- **Exercise**
Reproduce the data below exactly. Skip the pictures.

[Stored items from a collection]
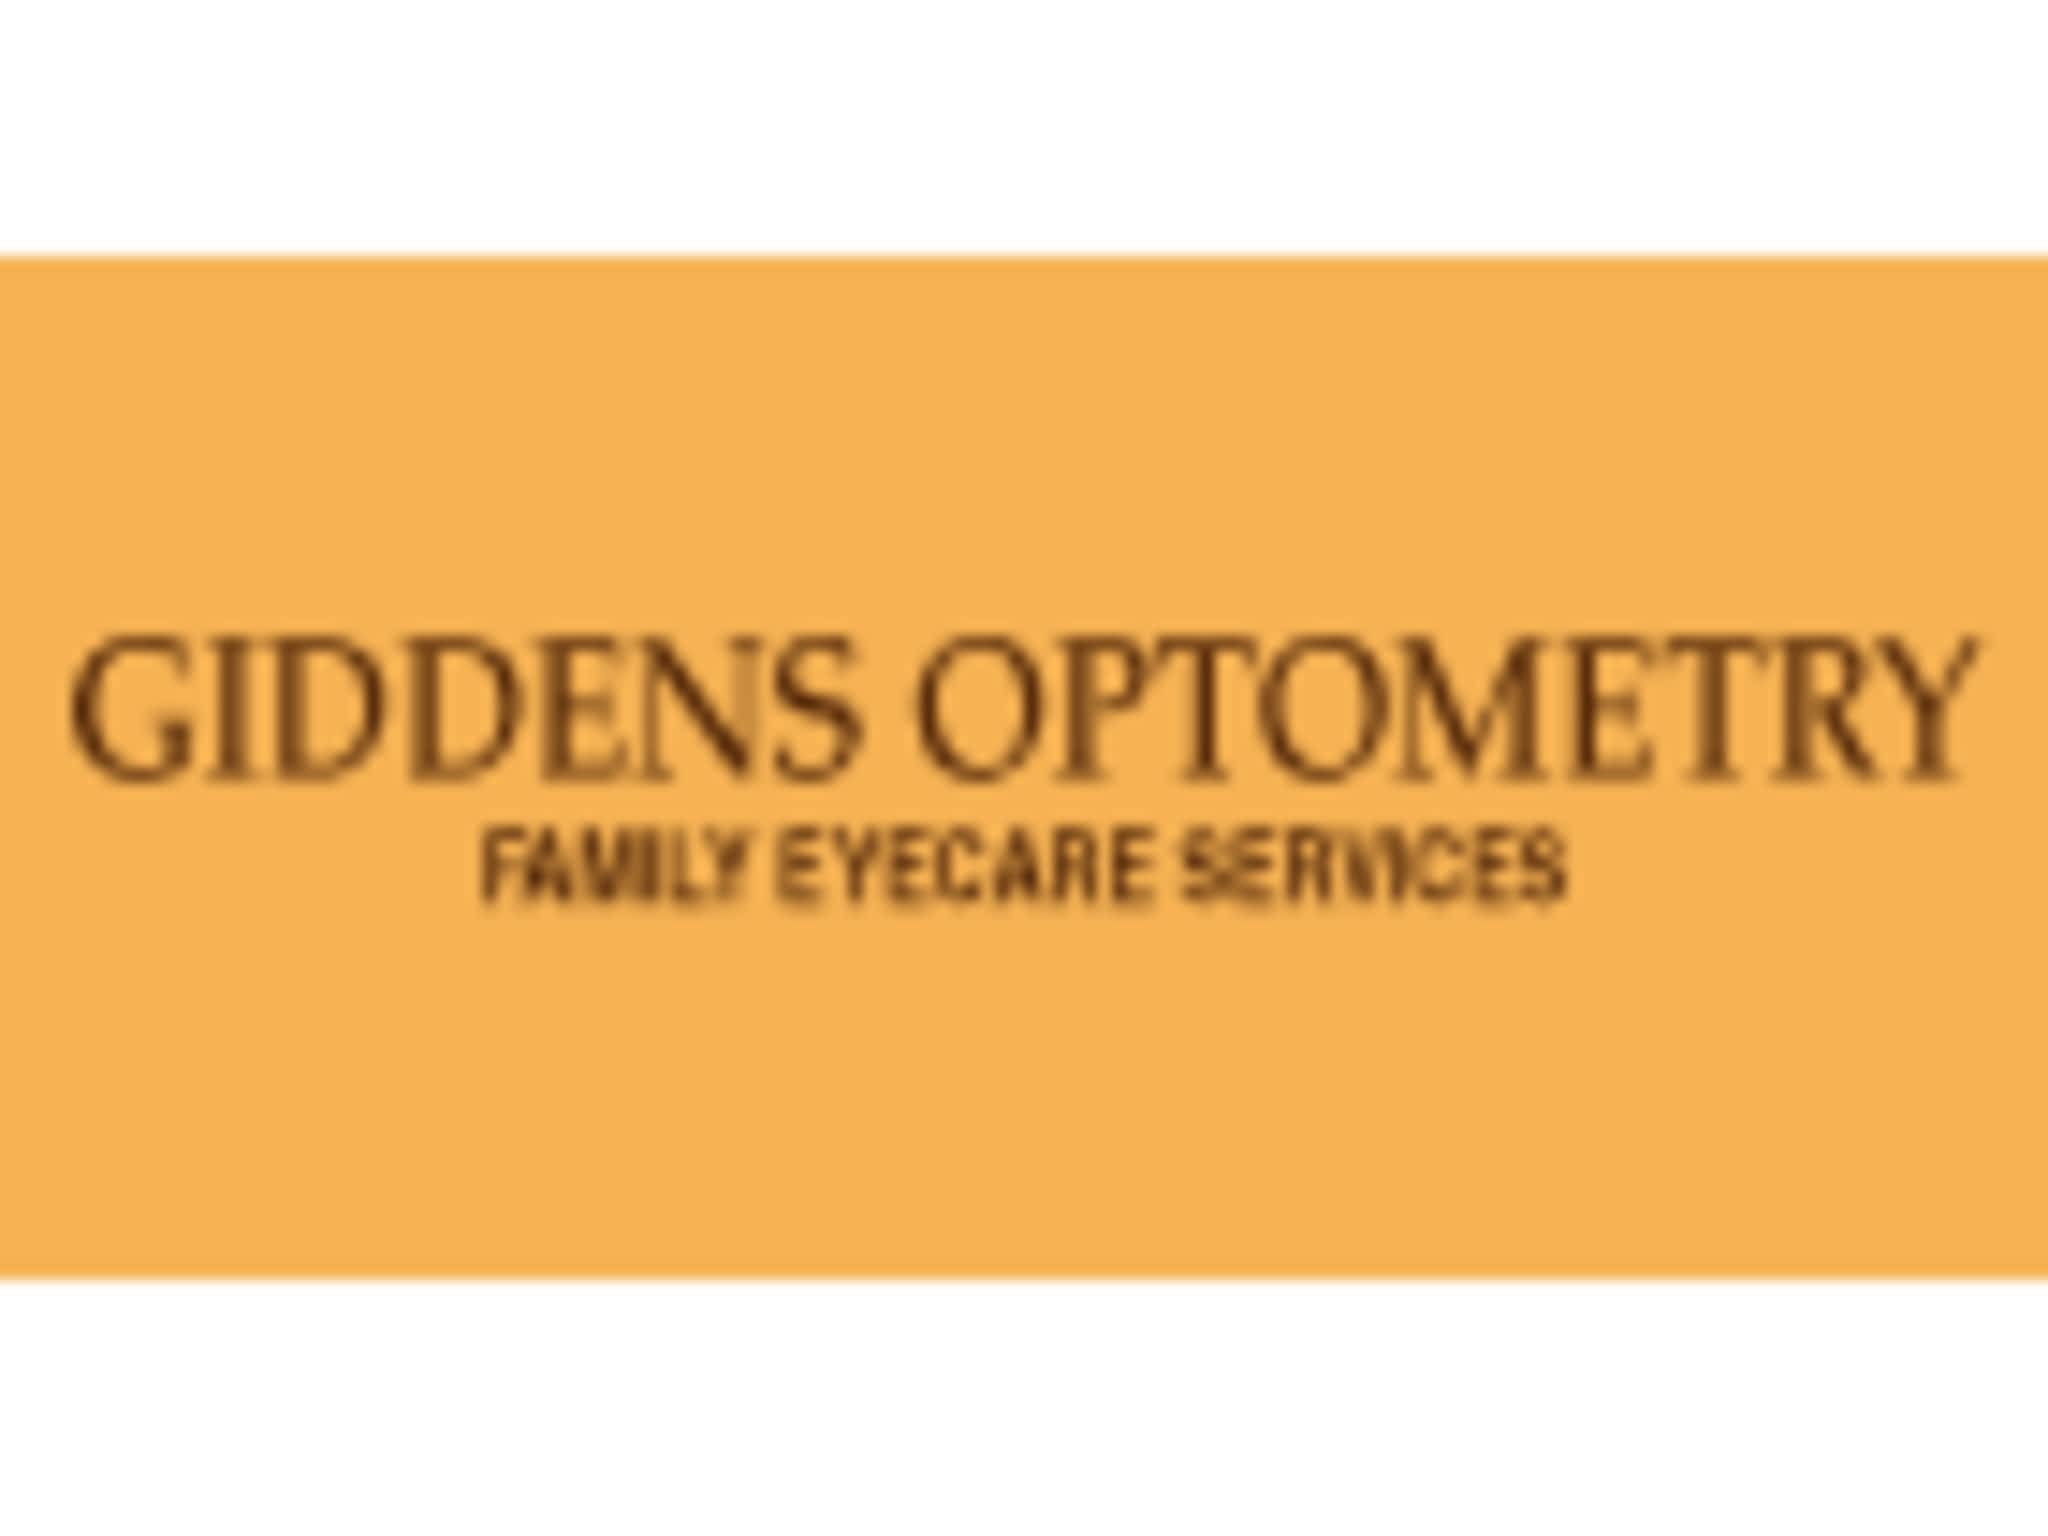 photo Giddens Optometry Family Eye Care Services
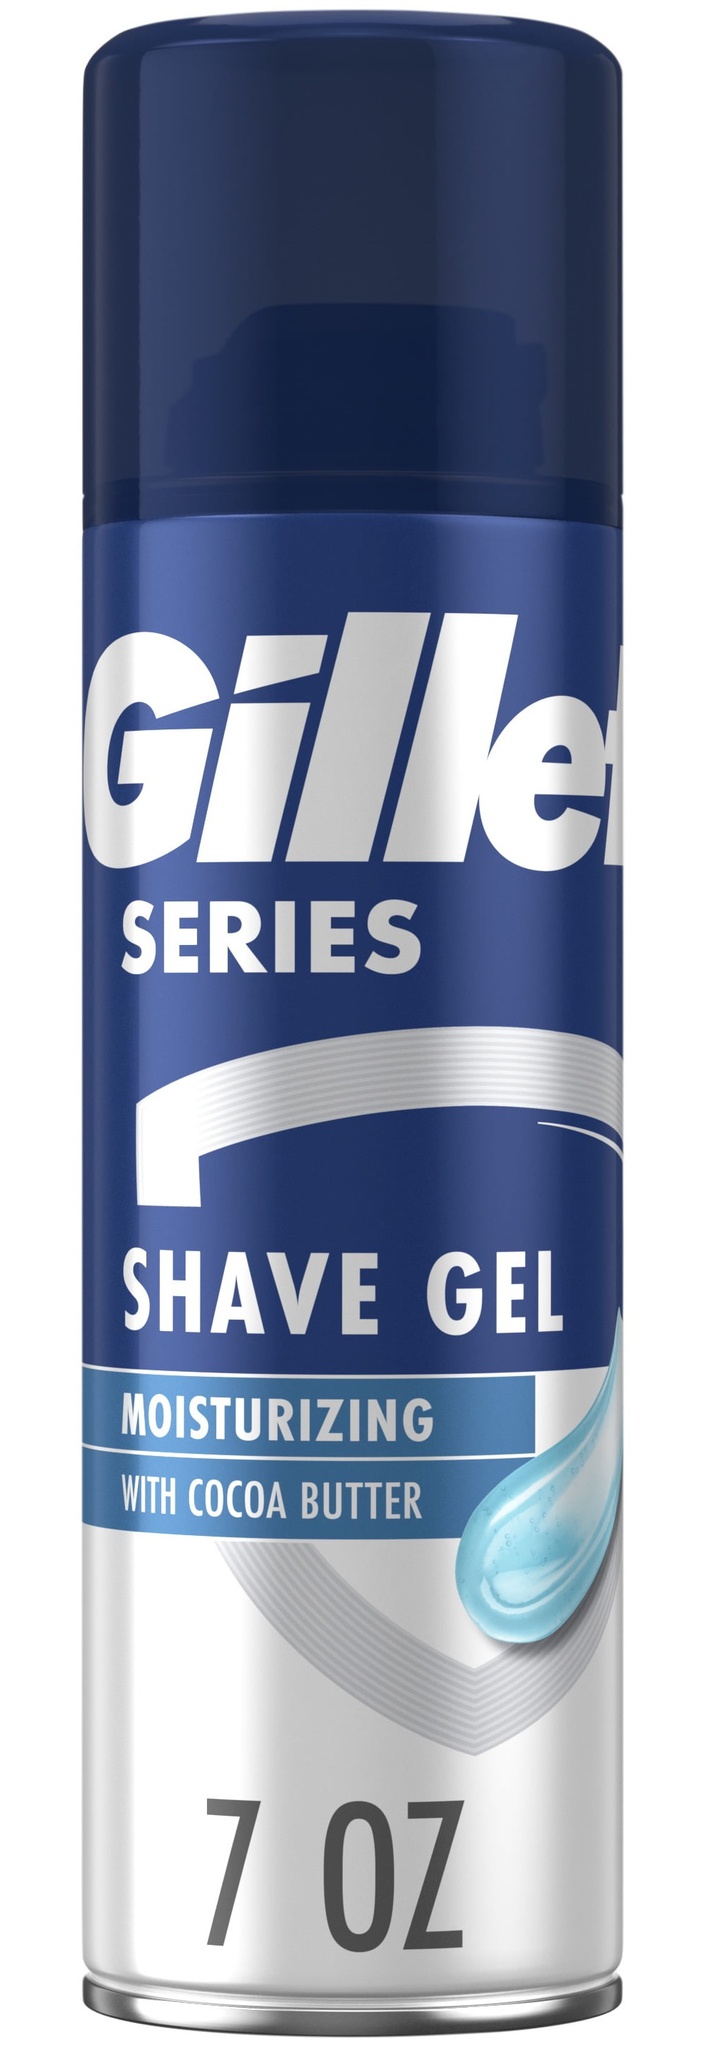 Gillette Shave Gel With Cocoa Butter
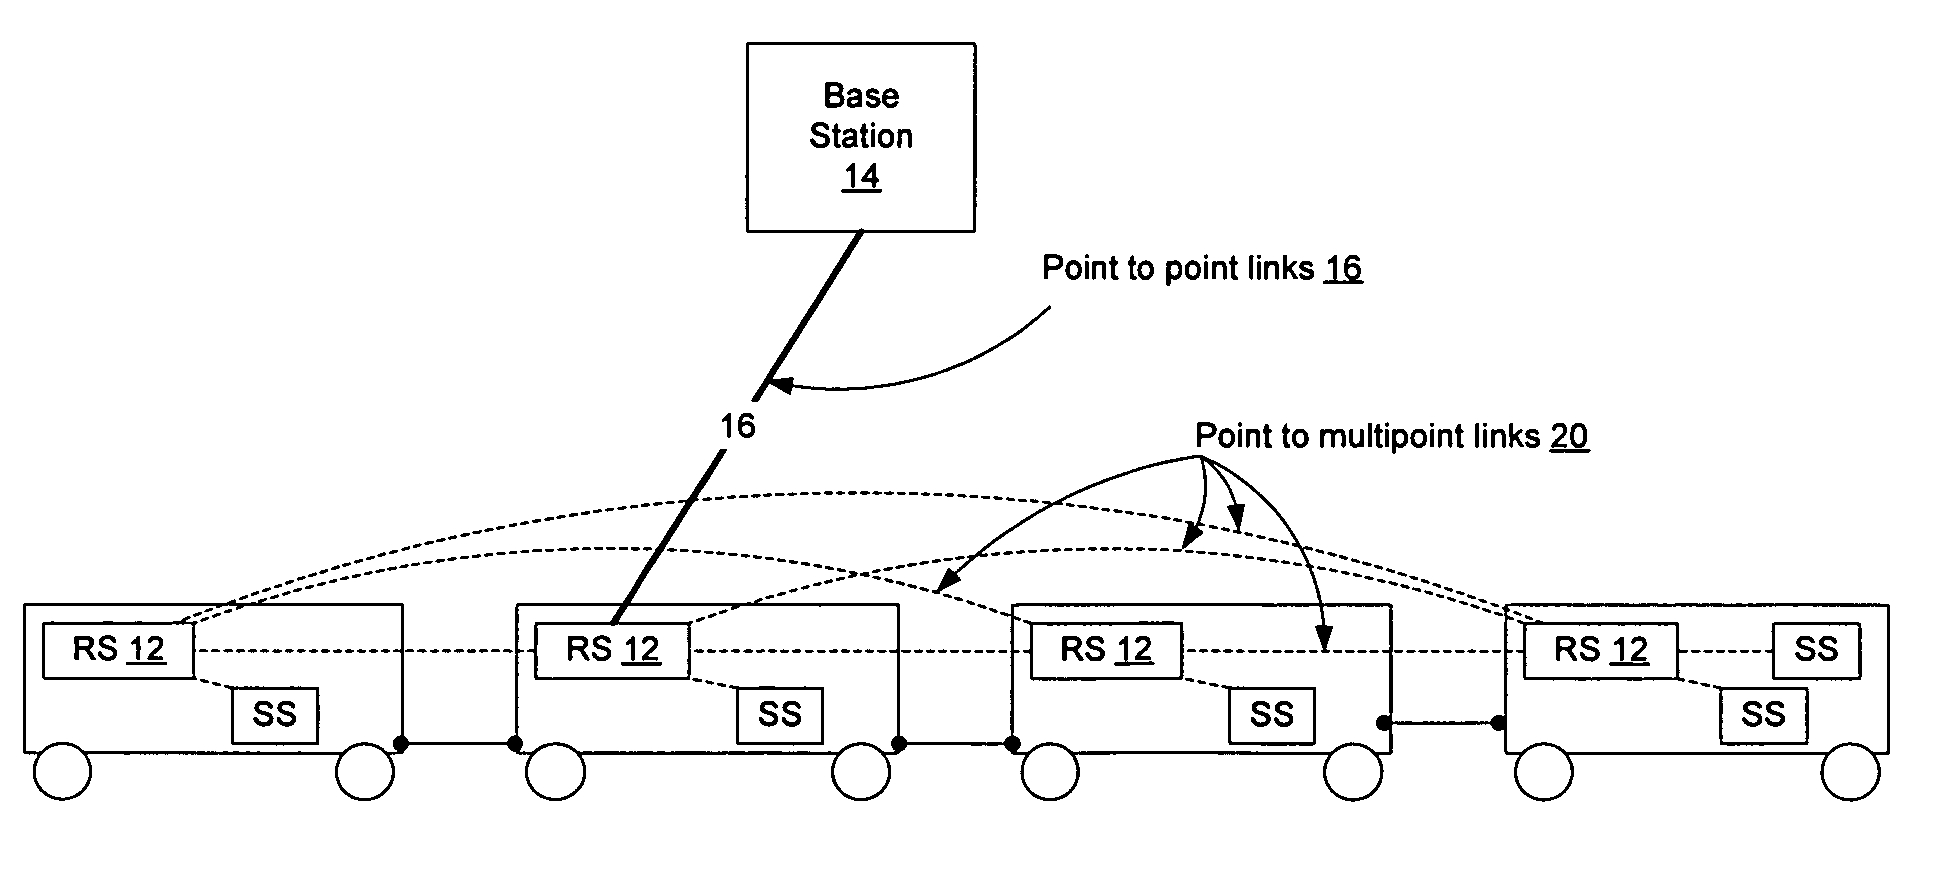 Network element for implementing scheduled high-power PTP and low-power PTMP transmissions
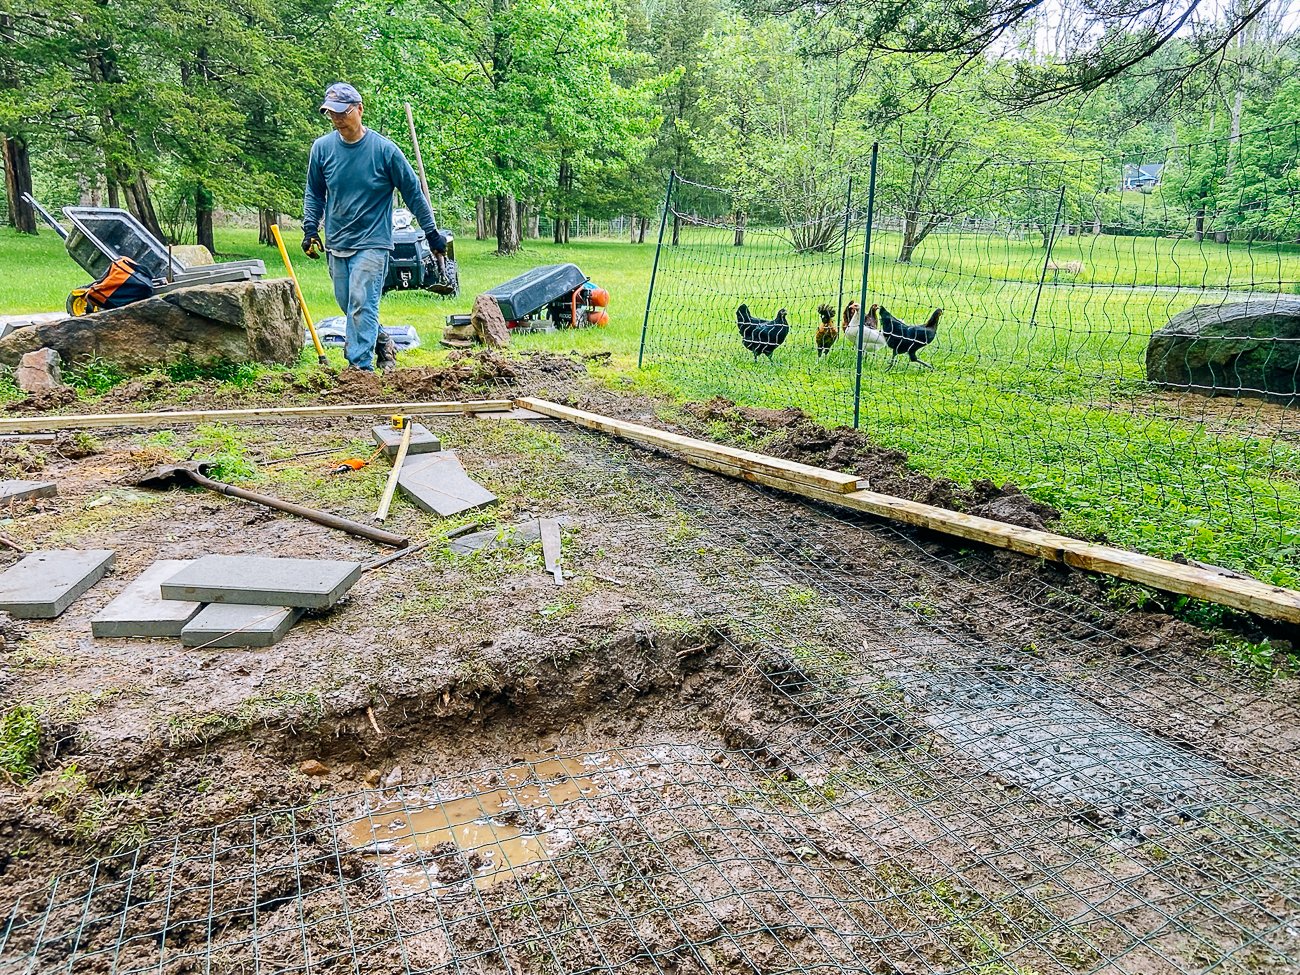 Bill working on foundation for new duck run
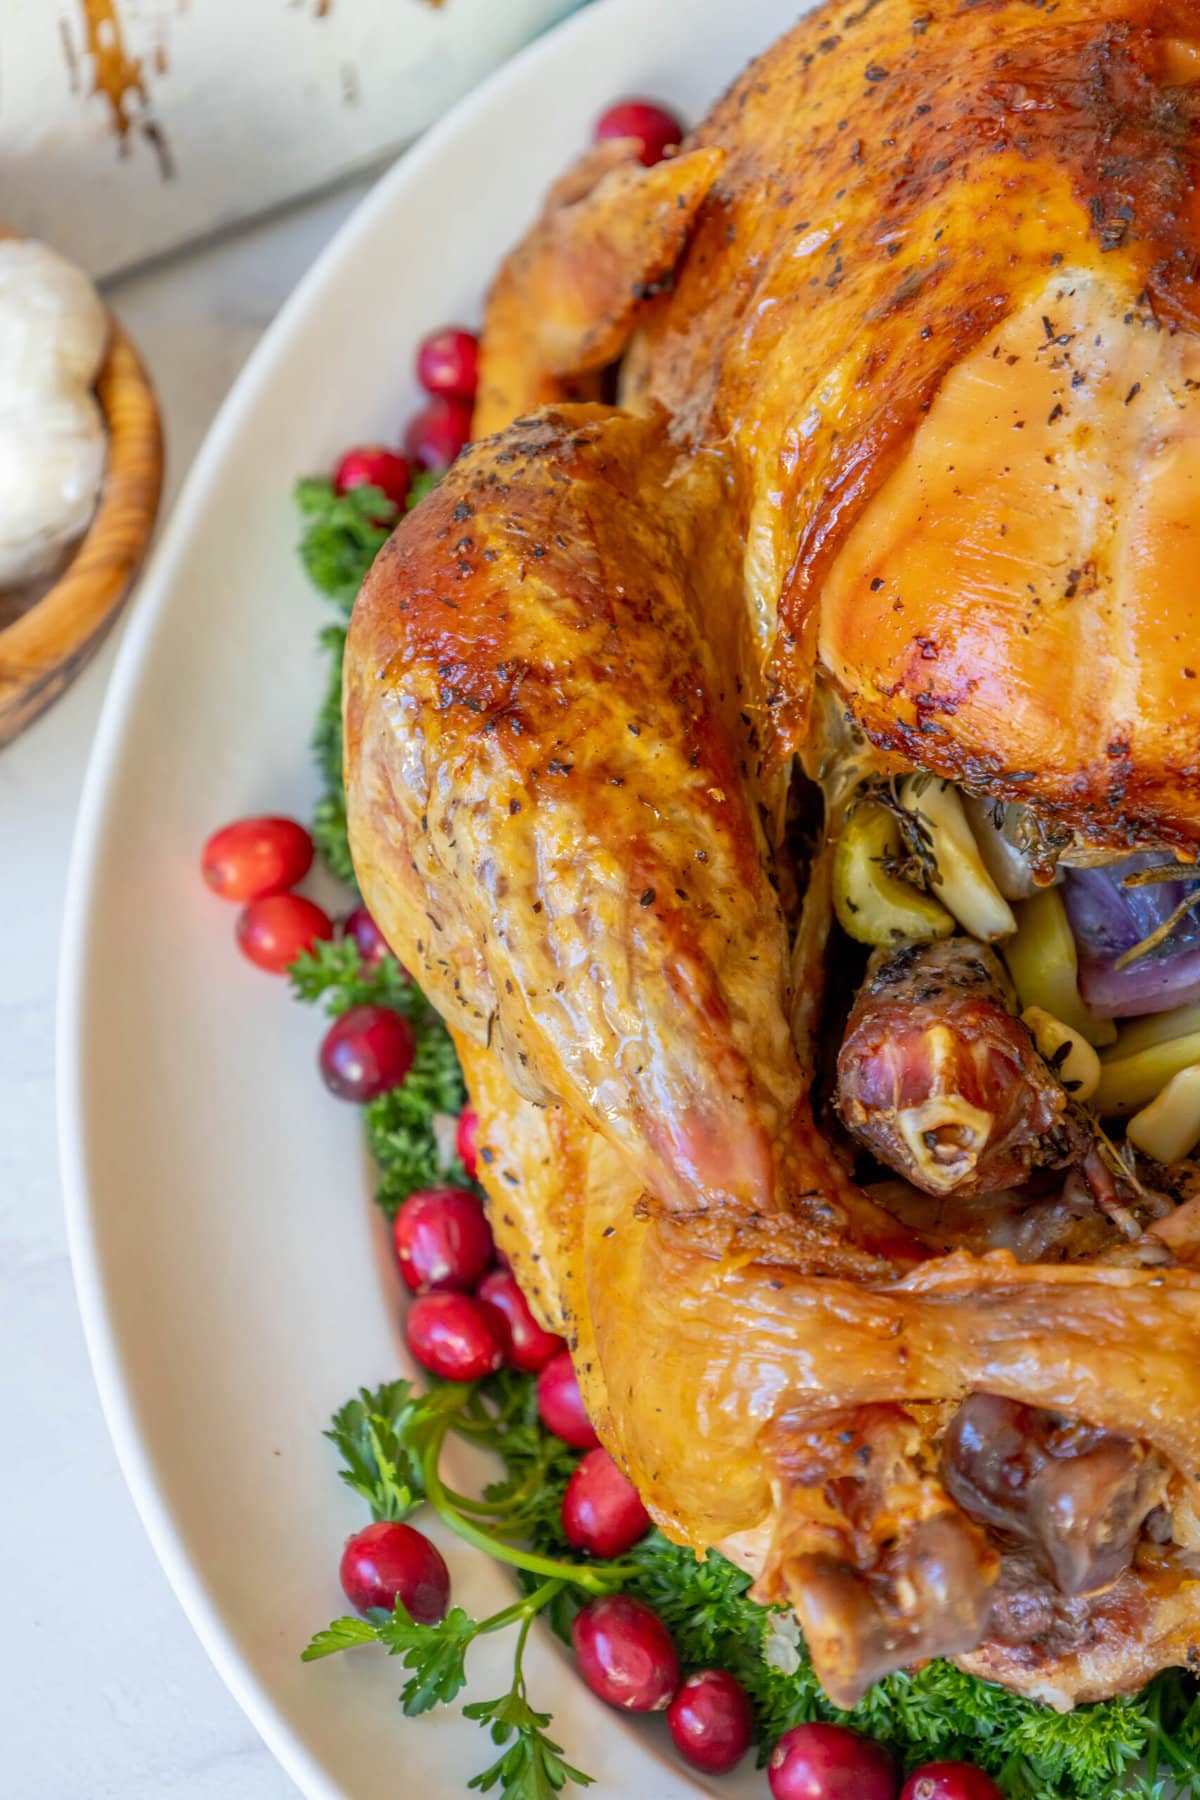 picture of a roasted turkey on a plate with kale and cranberries

- **Result of this task**
 photo Giddens Optometry Family Eye Care Services
 Gillette Shave Gel With Cocoa Butter
 Network element for implementing scheduled high-power PTP and low-power PTMP transmissions
 Bill working on foundation for new duck run
 picture of a roasted turkey on a plate with kale and cranberries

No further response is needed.